A block of mass M1 = 0.320 kg is initially at rest on a cart of mass M2 = 0.680 kg with the cart initially at rest on a level air track. The coefficient of static friction between the block and the cart is ?s = 0.610, but there is essentially no friction between the air track and the cart. The cart is accelerated by a force of magnitude F parallel to the air track. Find the maximum value of F that allows the block to accelerate with the cart, without sliding on top of the cart.
To find the maximum value of F that allows the block to accelerate with the cart without sliding on top of the cart, we need to consider the forces acting on the block.
First, let's analyze the forces acting on the block:
1. Weight (mg): The force due to gravity acting on the block. Its magnitude can be calculated using the equation Fg = m * g, where m is the mass of the block and g is the acceleration due to gravity (approximately 9.8 m/s²).
2. Normal force (N): The force exerted by the cart on the block, perpendicular to the surface of contact between the block and the cart. Its magnitude is equal to the weight of the block since the block is initially at rest and there is no vertical acceleration.
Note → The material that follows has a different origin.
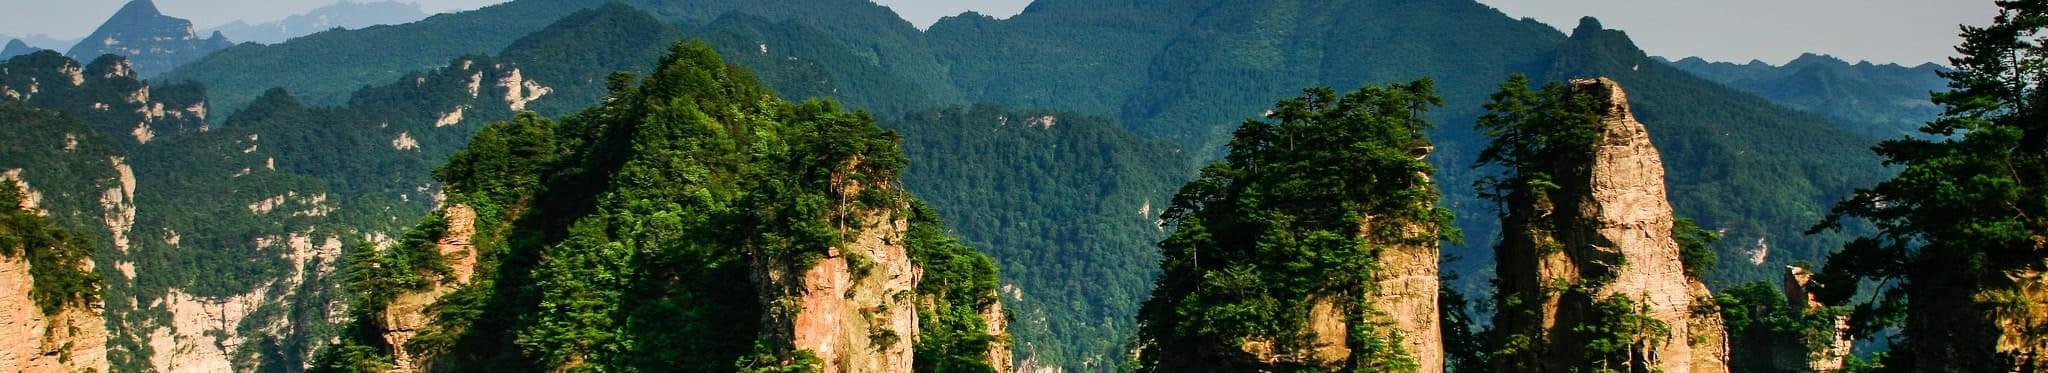 Легенда Желтого дракона <br> Пекин — Сиань — Чжанцзяцзе — Шанхай <br> 2019 год
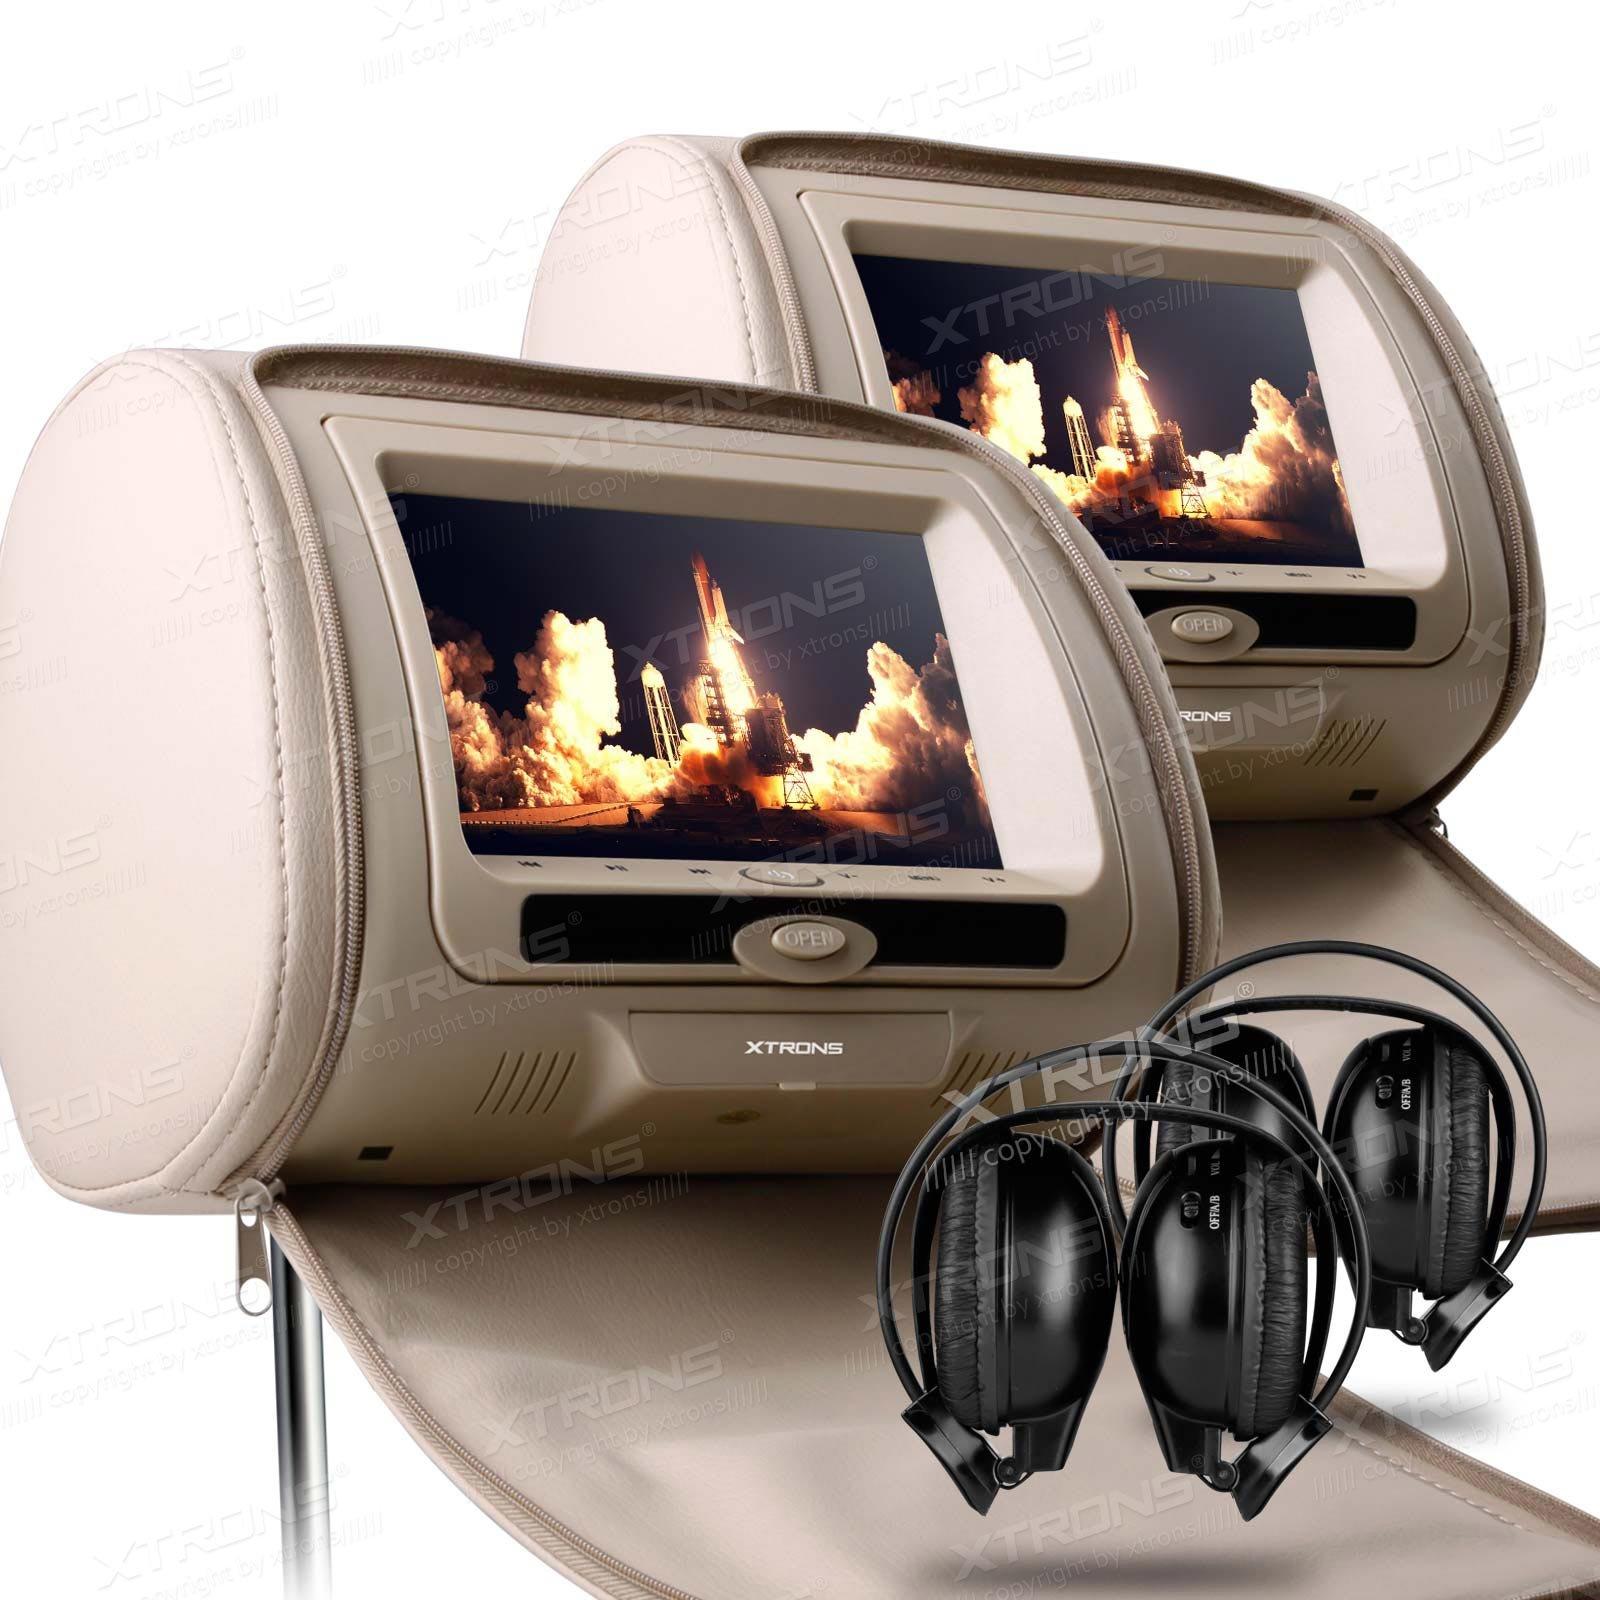 XTRONS Beige 2X Twin Car Headrest dvd player Multi-Media USB SD Slot 7'' HD Screen Game Disc IR Headphones

Therefore, N = Fg.
3. Static friction force (fs): The force of static friction acting between the block and the cart. The maximum value of static friction force is given by the equation fs = μs * N, where μs is the coefficient of static friction.
Since we want to find the maximum value of F, we need to find the maximum value of static friction force that can be applied before the block starts sliding on top of the cart. This occurs when the static friction force is at its maximum, given by fs = μs * N.
Replacing N with Fg, we have:
fs = μs * Fg
Substituting the values given for the coefficients of static friction (μs = 0.610) and the masses (m = 0.320 kg), we can calculate the maximum value of static friction force:
fs = 0.610 * (0.320 kg * 9.8 m/s²)
Simplifying the expression:
fs = 0.610 * 3.136 N
Calculating the maximum value of static friction force:
fs ≈ 1.909 N
Therefore, the maximum value of the force F that allows the block to accelerate with the cart without sliding on top of the cart is approximately 1.909 N.